WHAT THE EXERCISE ASKS
Could you transcribe exactly the lines from the one containing "Technical Bulletin Continuation Sheet" through the end of the listing below, both included, but none of the pictures?

DATA EXTRACT
+ + +
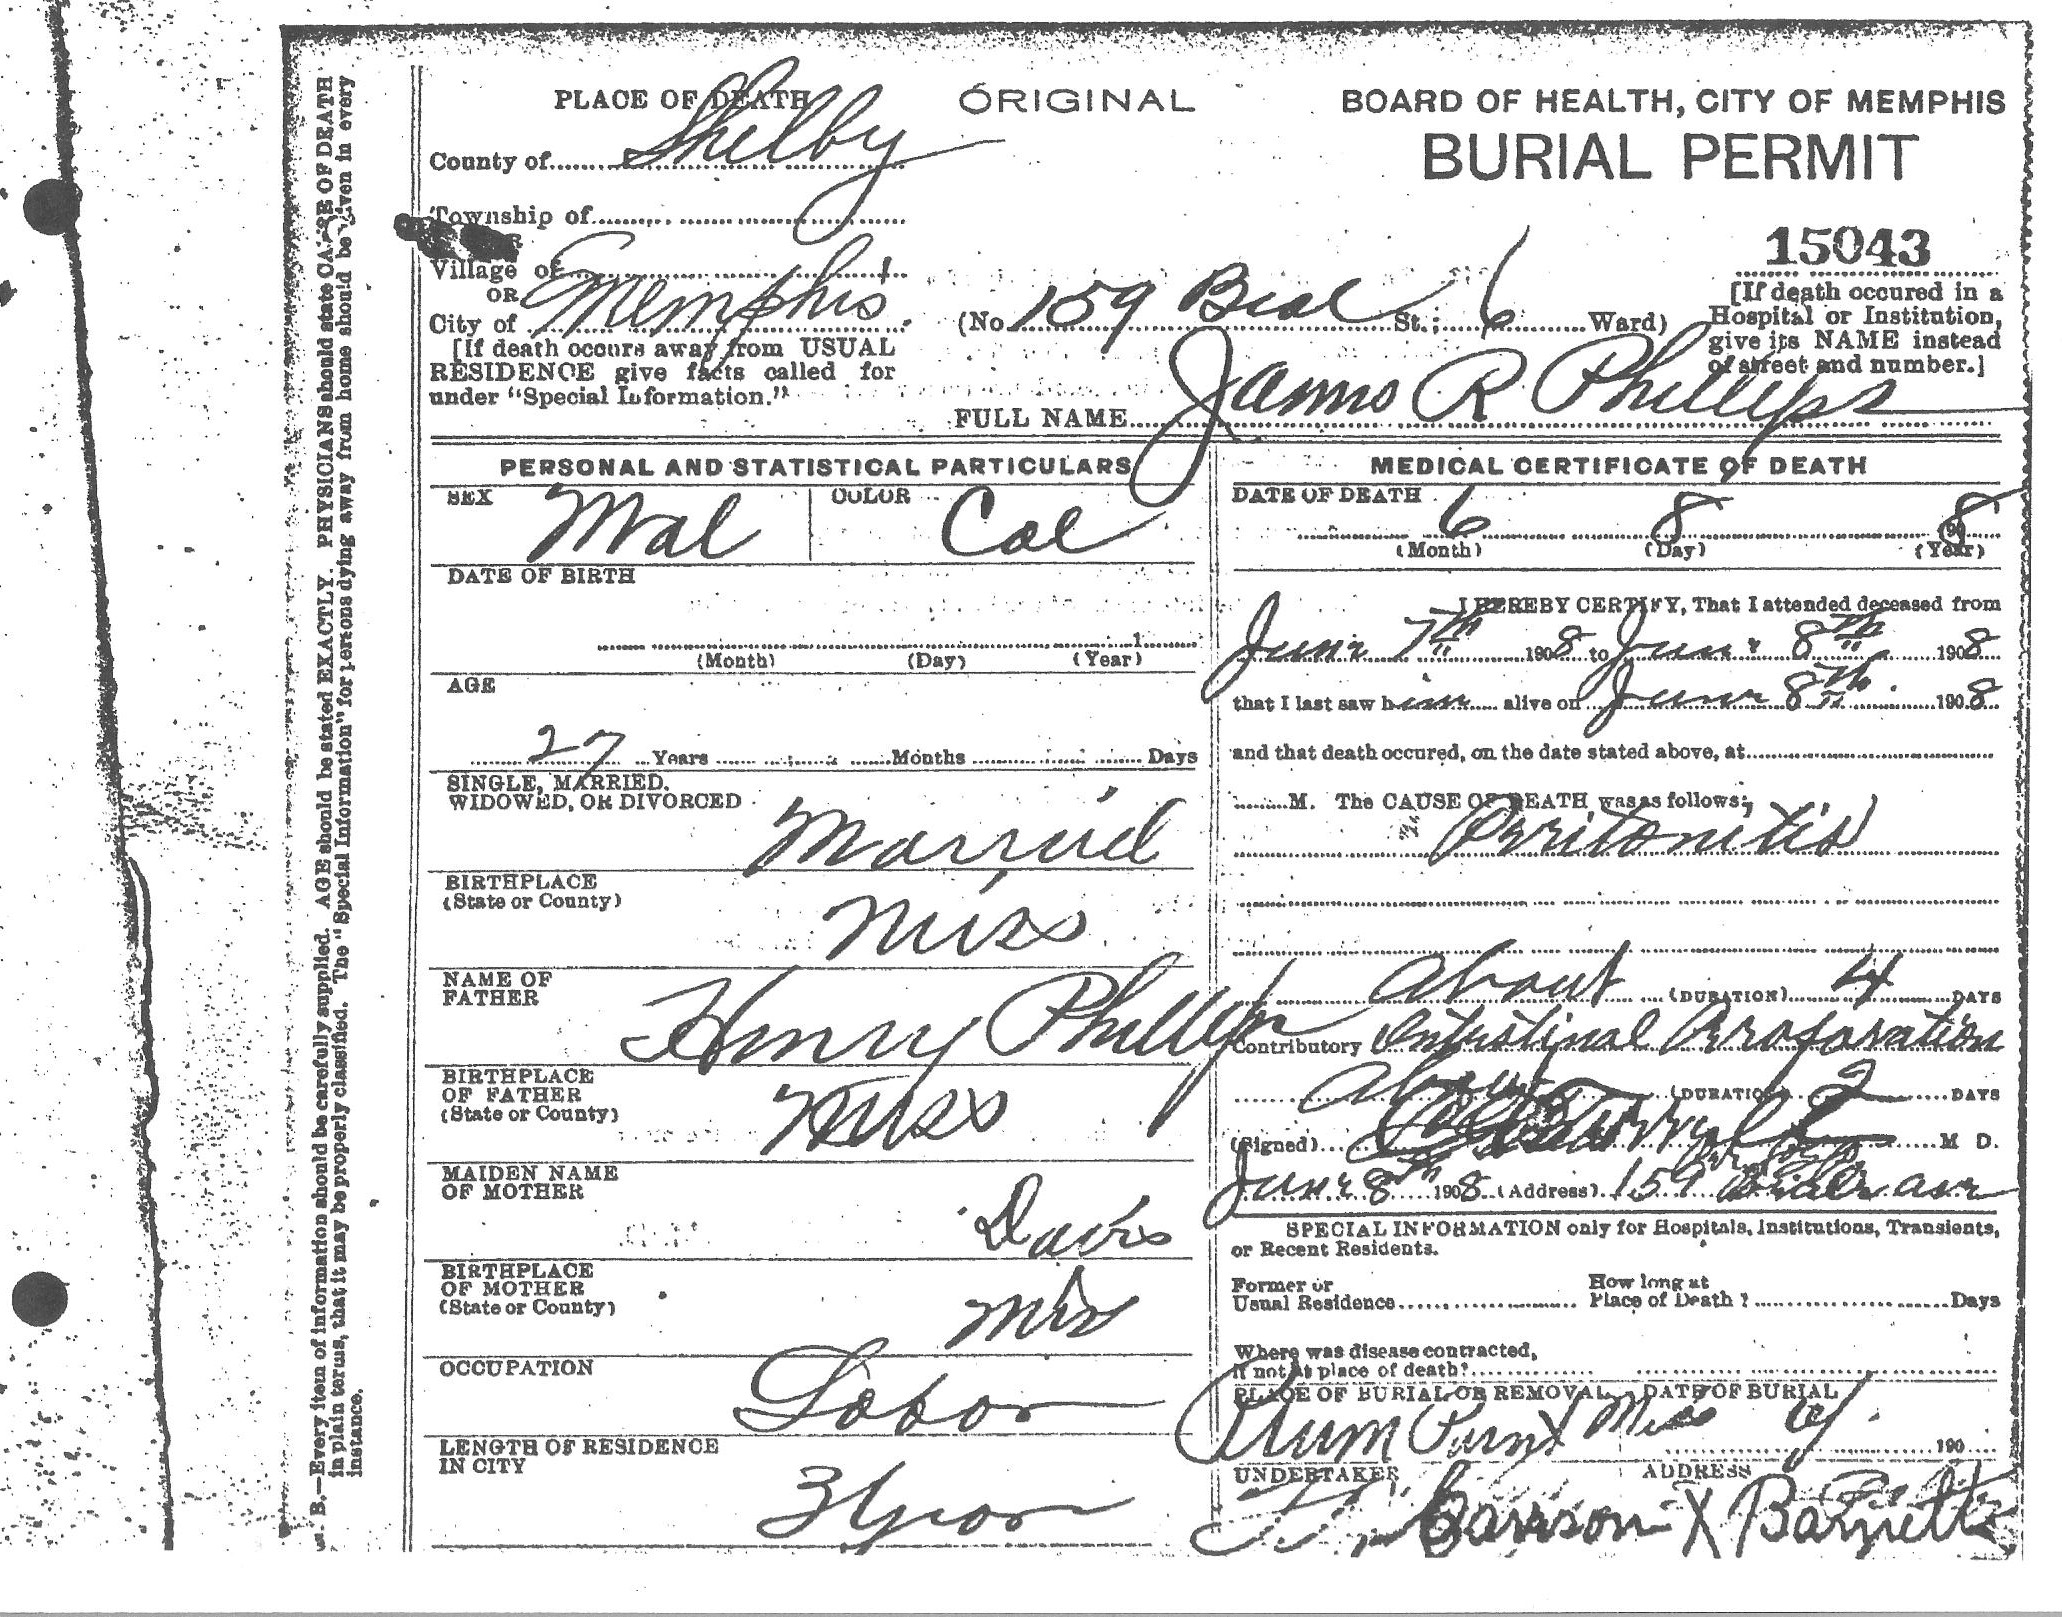 James R. Phillips' Death Certificate
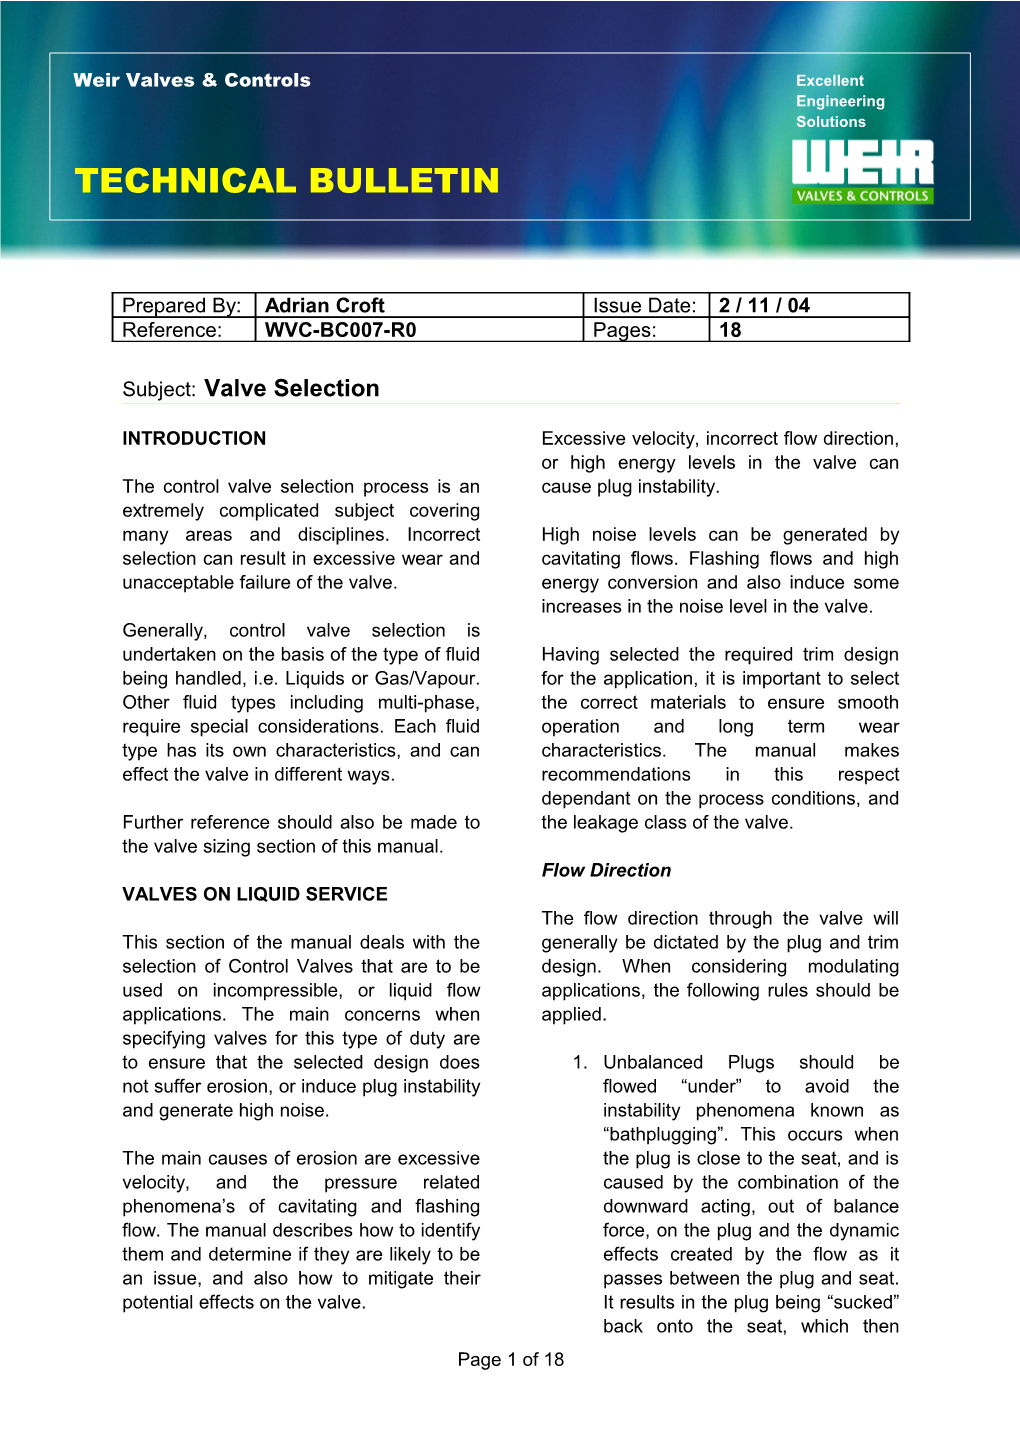 Technical Bulletin Continuation Sheet
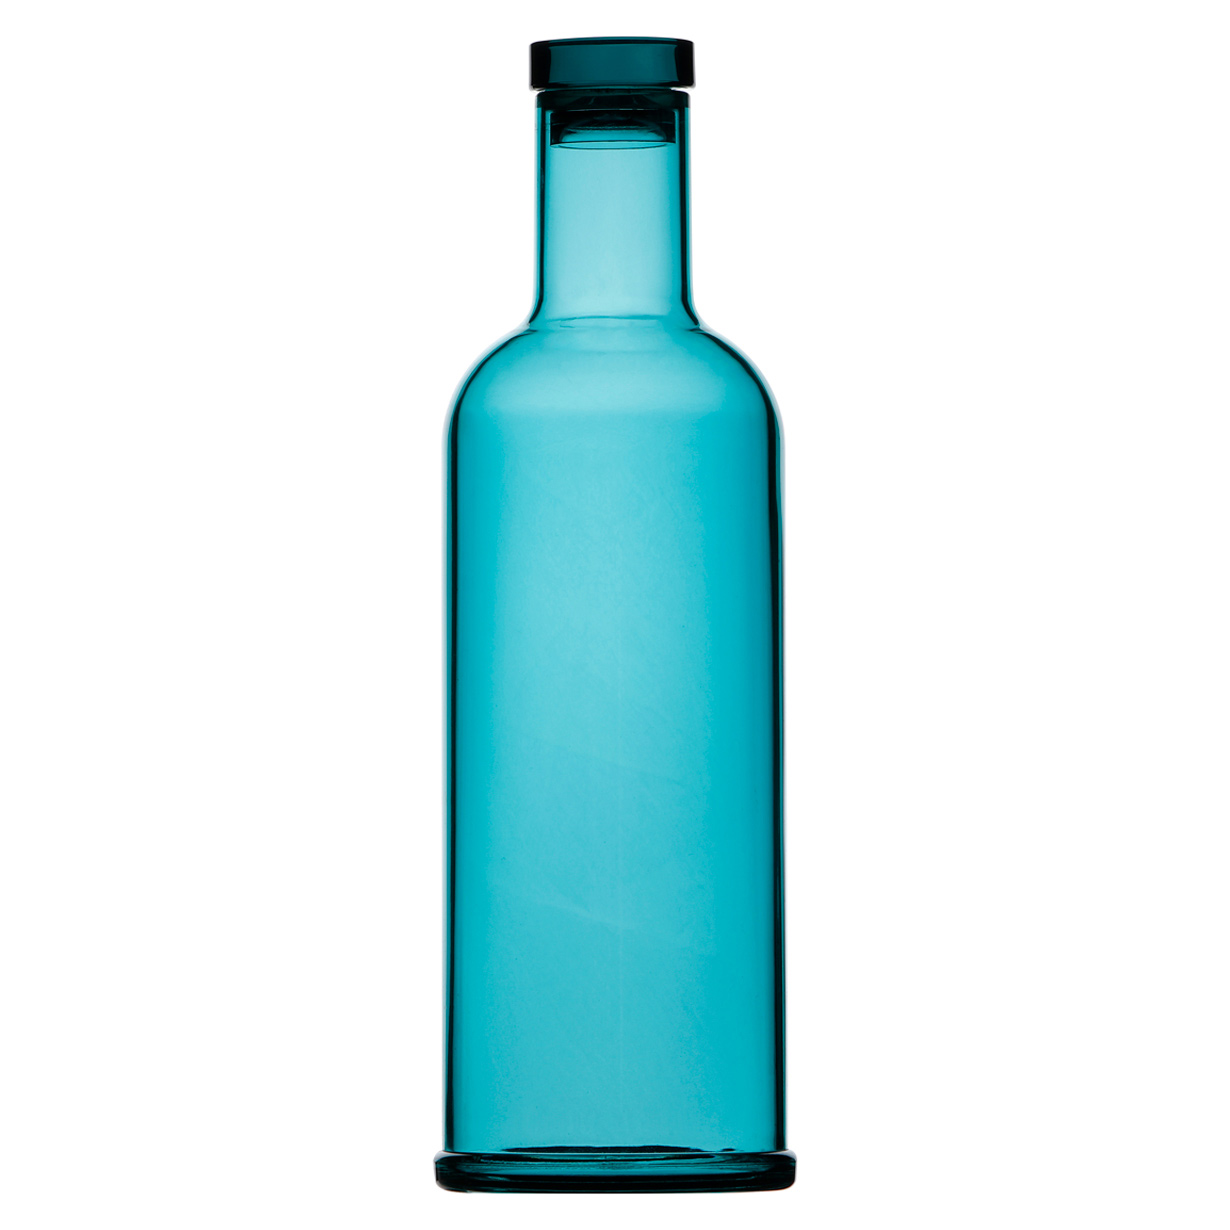 Botellas térmicas – Botellas Aquaservice
+ + +
RESULT
 Technical Bulletin Continuation Sheet
 Botellas térmicas – Botellas Aquaservice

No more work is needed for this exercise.